L'amitié, exigeant essentiellement la réciprocité et une sorte d'égalité, ne saurait exister qu'entre deux heureux ou deux malheureux.
Le créateur suprême doit, ce semble, avoir d'ineffables tendresses, des indulgences infinies, pour l'âme passionnément éprise du livre inépuisable de sa création : livre superbe, dont notre esprit interroge les feuillets avec amour et tremblement, l'heure de comprendre n'ayant pas sonné encore.
Dès que les yeux voient trop clair, le cœur se sent pris de froid.

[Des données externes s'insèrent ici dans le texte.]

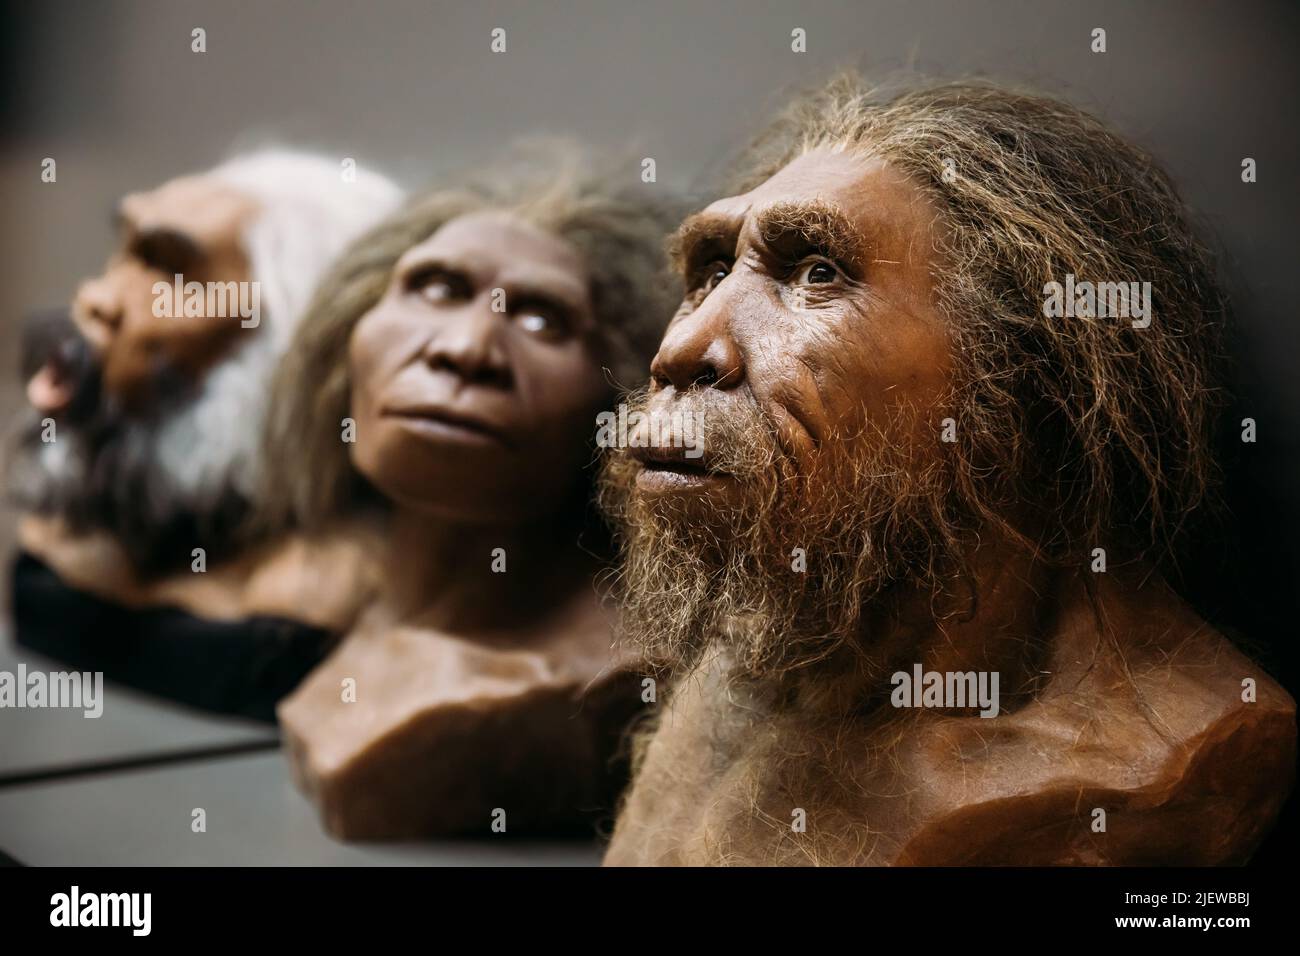 Reconstruction Of Appearance Homo Neanderthalensis At Museum Exhibition. Demonstrating Prehistoric Ancestors Homo Neanderthalensis. Homo Sapiens Neand Stock Photo

Sauf devant la loi, l'égalité est un rêve impossible : Dieu, en ne créant pas les intelligences égales, a tacitement démontré à l'humanité que l'inégalité est une des conditions de l'harmonie. Une simple unité, quelque belle qu'elle soit, ne saurait être un tout. Donc l'égalité absolue, se résumant en unités, serait fatalement un néant improductif.
Si on baillait son ennui, comme Châteaubriand prétend avoir baillé sa vie, on assisterait vraiment, en certains lieux, à un burlesque spectacle.
Le murmure du ruisseau est plus doux à l'oreille que la musique d'un poème sans idées.
L'esprit qui sait voir et observer se montre rarement indulgent, à moins d'appartenir à un très grand chrétien.
Certaines amitiés, trop légèrement ébauchées, passent du cœur comme notre image passe du miroir qui l'a un instant reflétée.
Les illusions, une fois fanées, ne refleurissent non plus que la plante desséchée.
Tout bonheur humain que l'on cherche à cueillir, comme la rose, a ses épines.
Tout ce qui dissipe l'âme l'attriste.
L'égoïsme de ceux à qui nous nous dévouons se fait parfois amusant à force d'être extrême.
Quand le monde a cessé de plaire et que l'on doit cependant encore y paraître, la sensation de traverser la terre des vivants en fantôme glace le sang dans les veines.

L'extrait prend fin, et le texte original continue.